● TASK ITEM
From the line containing "logo Dillinger France" to the last line of the data, both included, transcribe each line exactly, leaving out pictures and adding nothing.

● DATA SHOWN

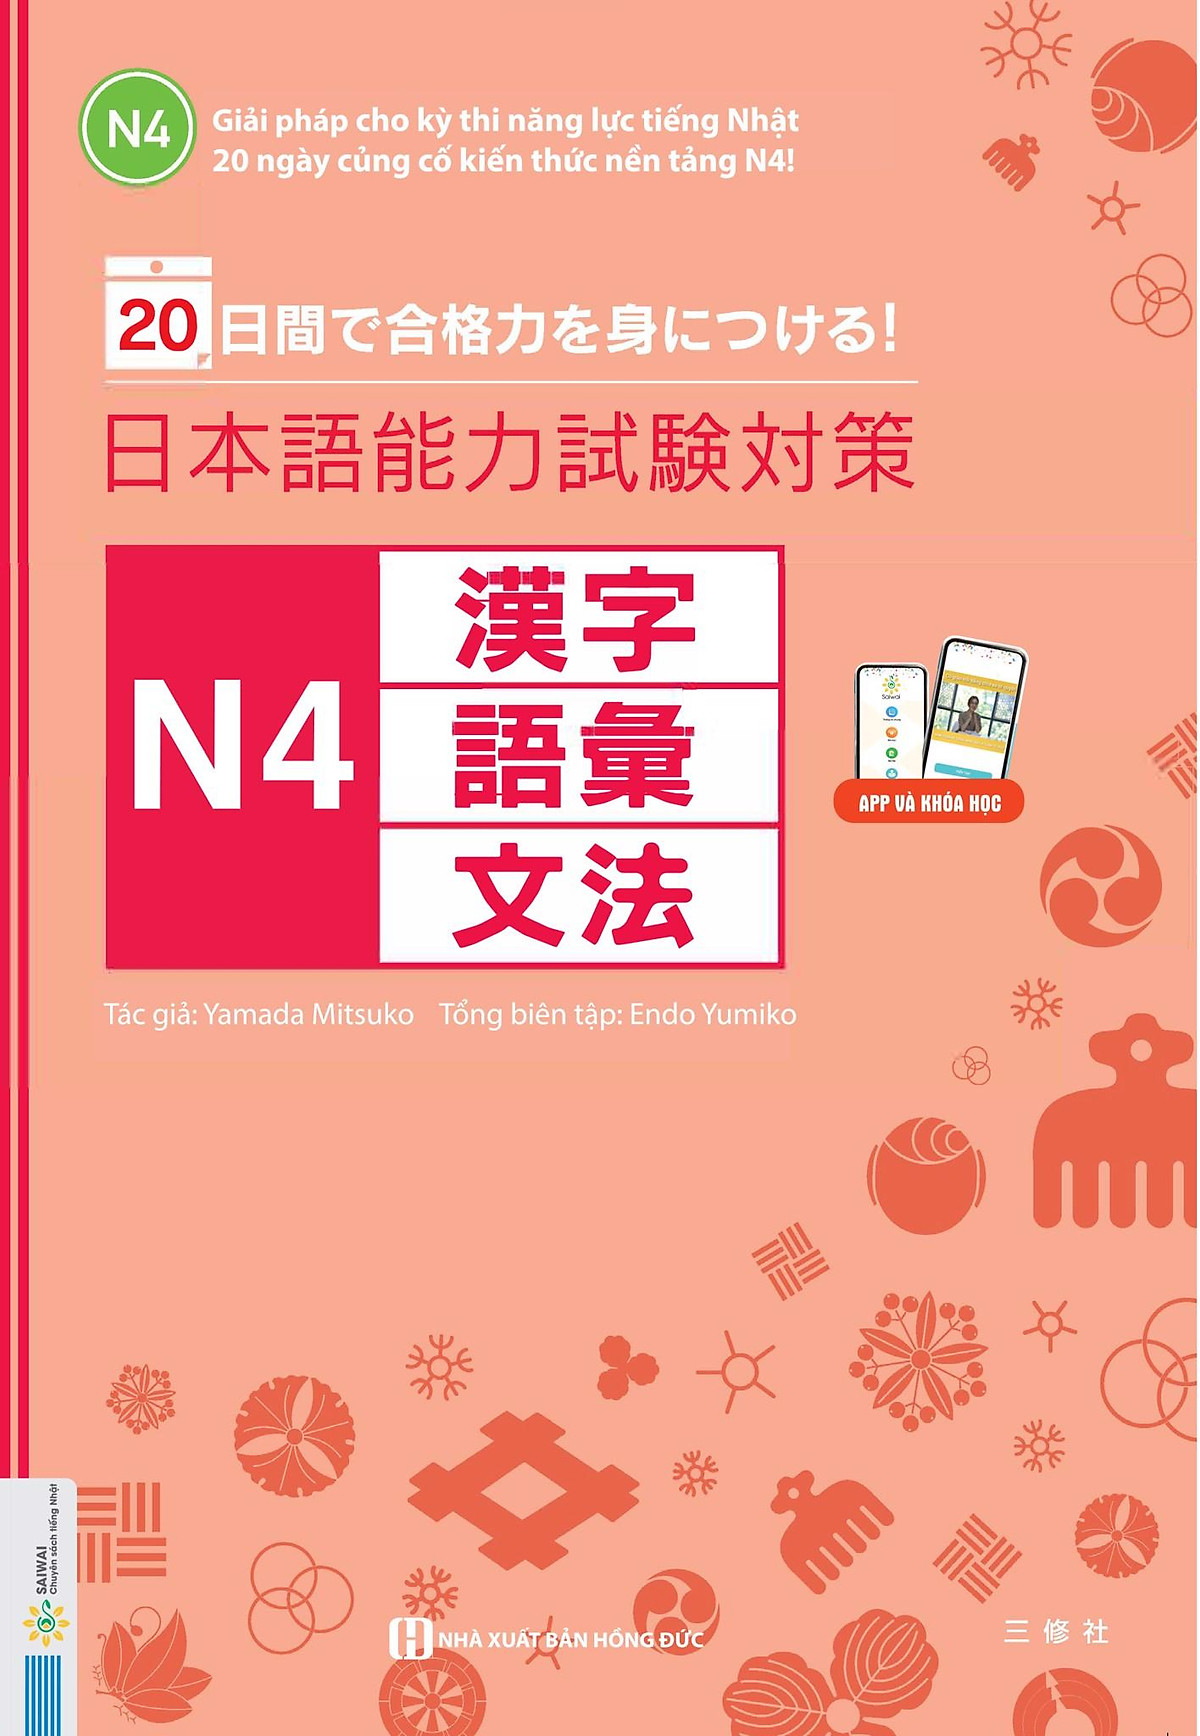 20 ngày củng cố kiến thức nền tảng N4 - Giải pháp cho kì thi năng lực tiếng Nhật
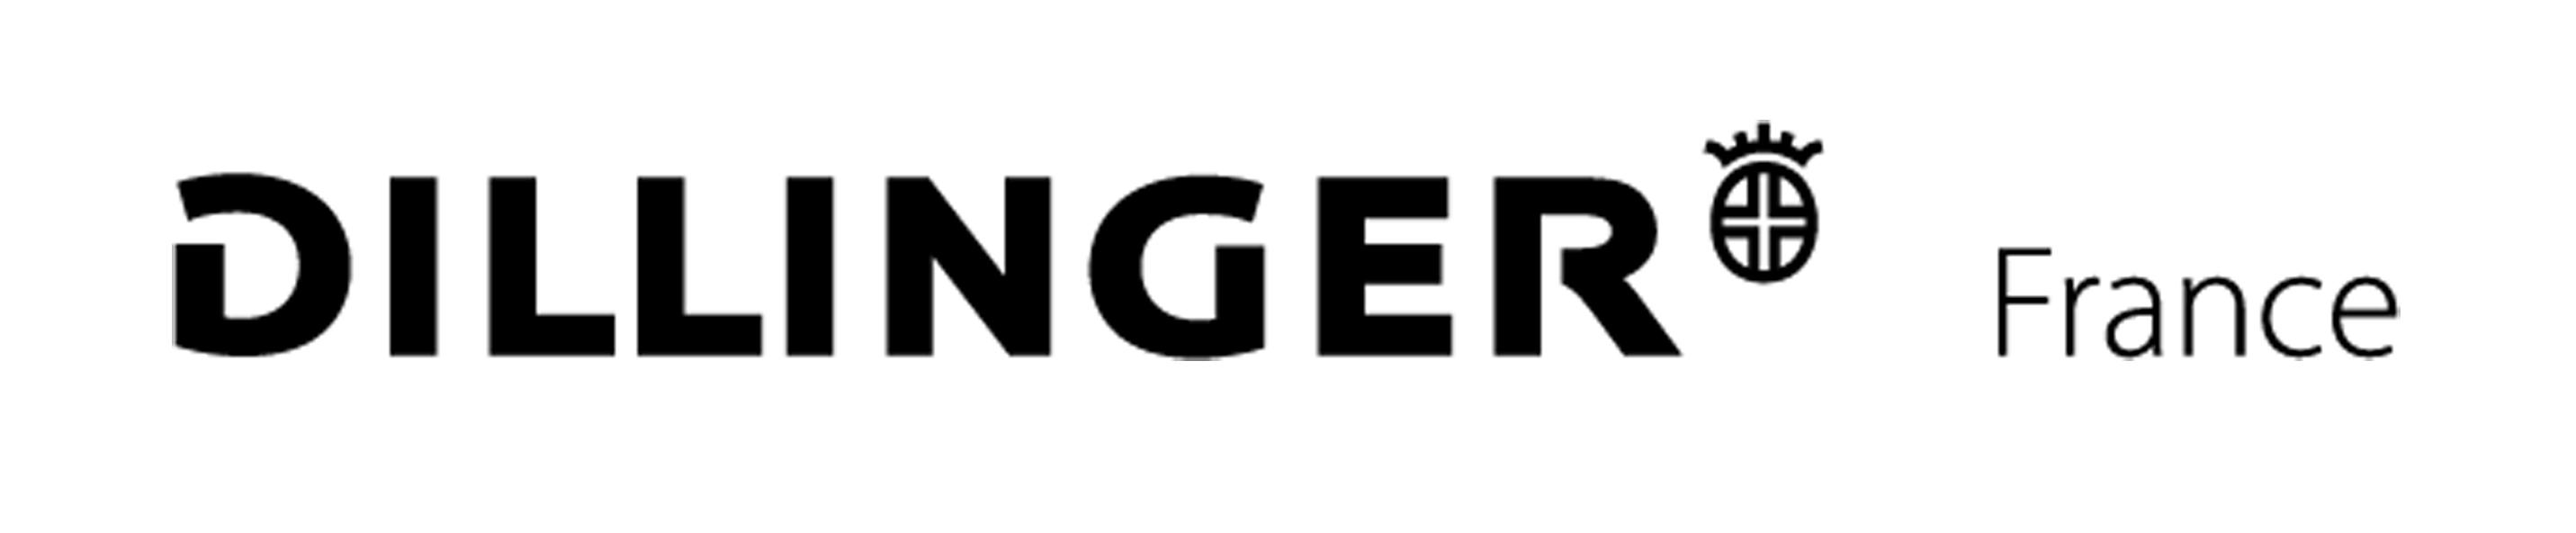 logo Dillinger France
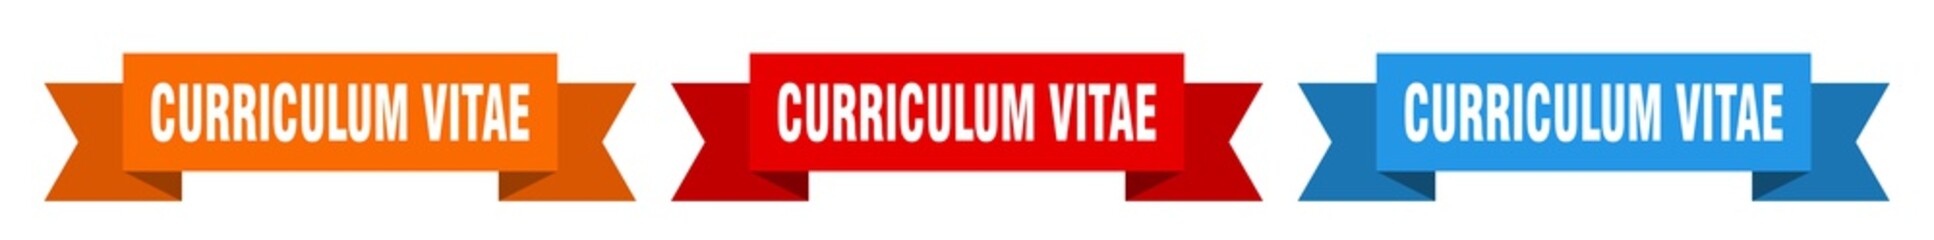 curriculum vitae ribbon. curriculum vitae isolated paper sign. banner
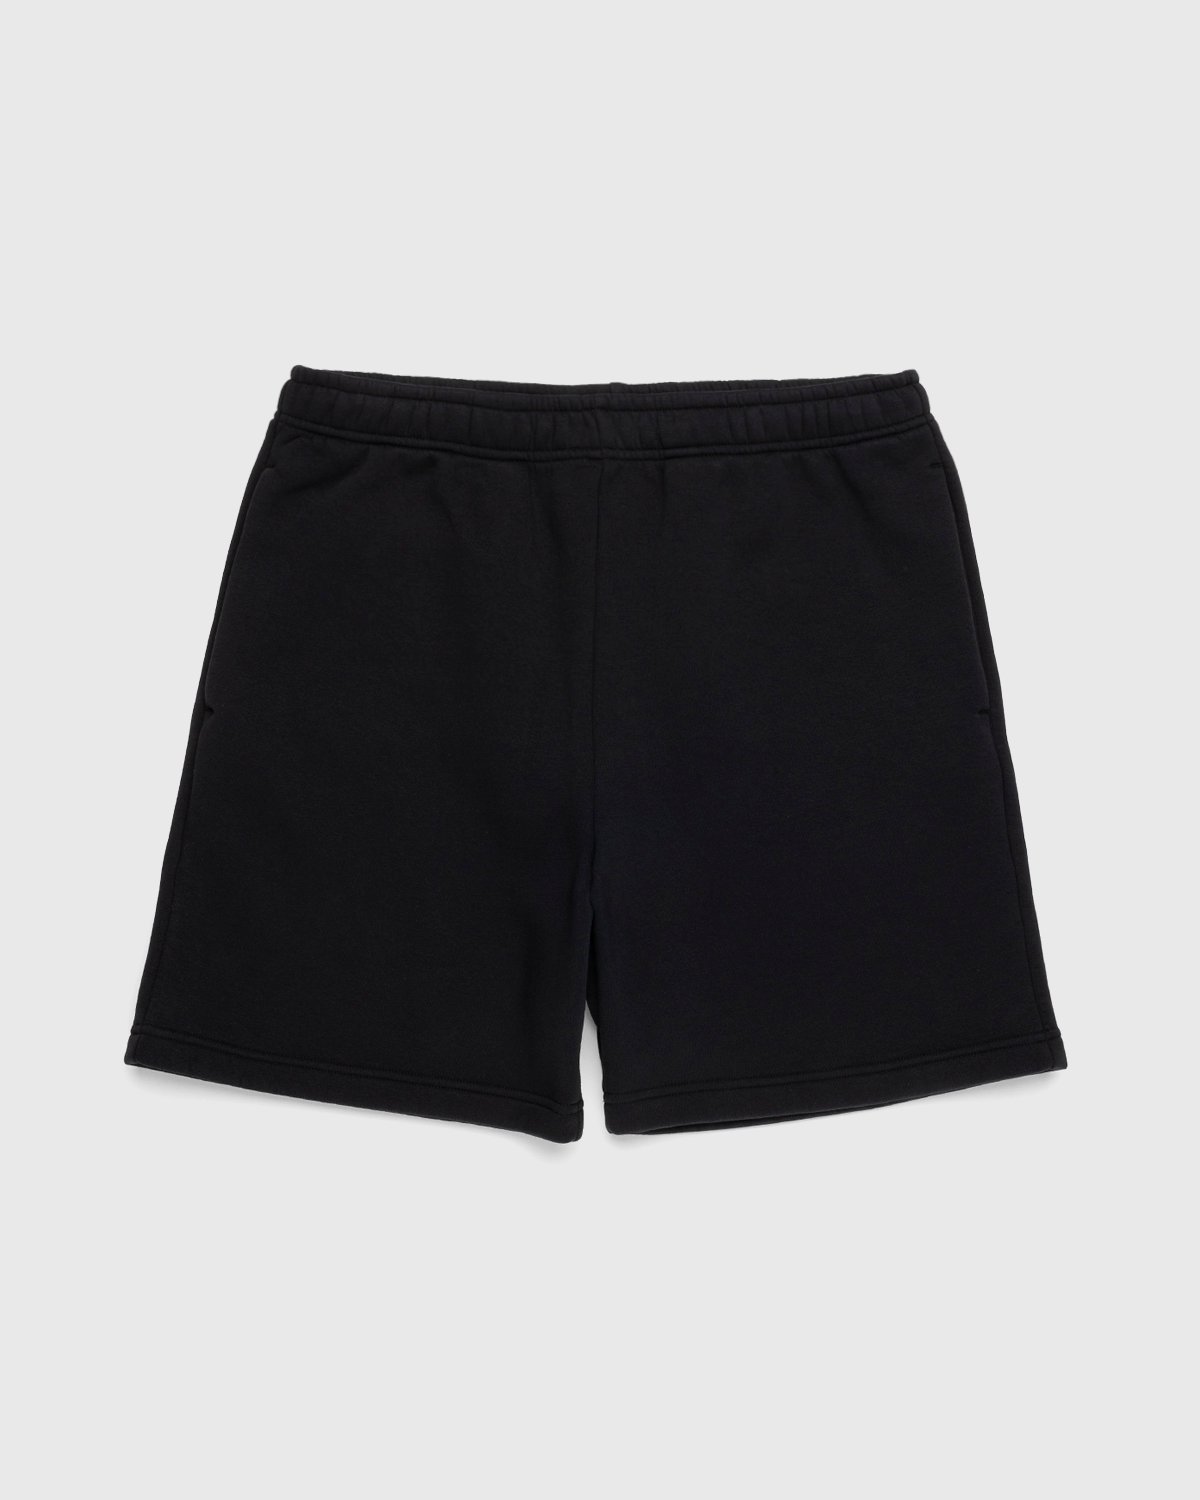 Acne Studios - Cotton Sweat Shorts Black - Clothing - Black - Image 1

● EXERCISE RESULT
 logo Dillinger France
 curriculum vitae ribbon. curriculum vitae isolated paper sign. banner
 Acne Studios - Cotton Sweat Shorts Black - Clothing - Black - Image 1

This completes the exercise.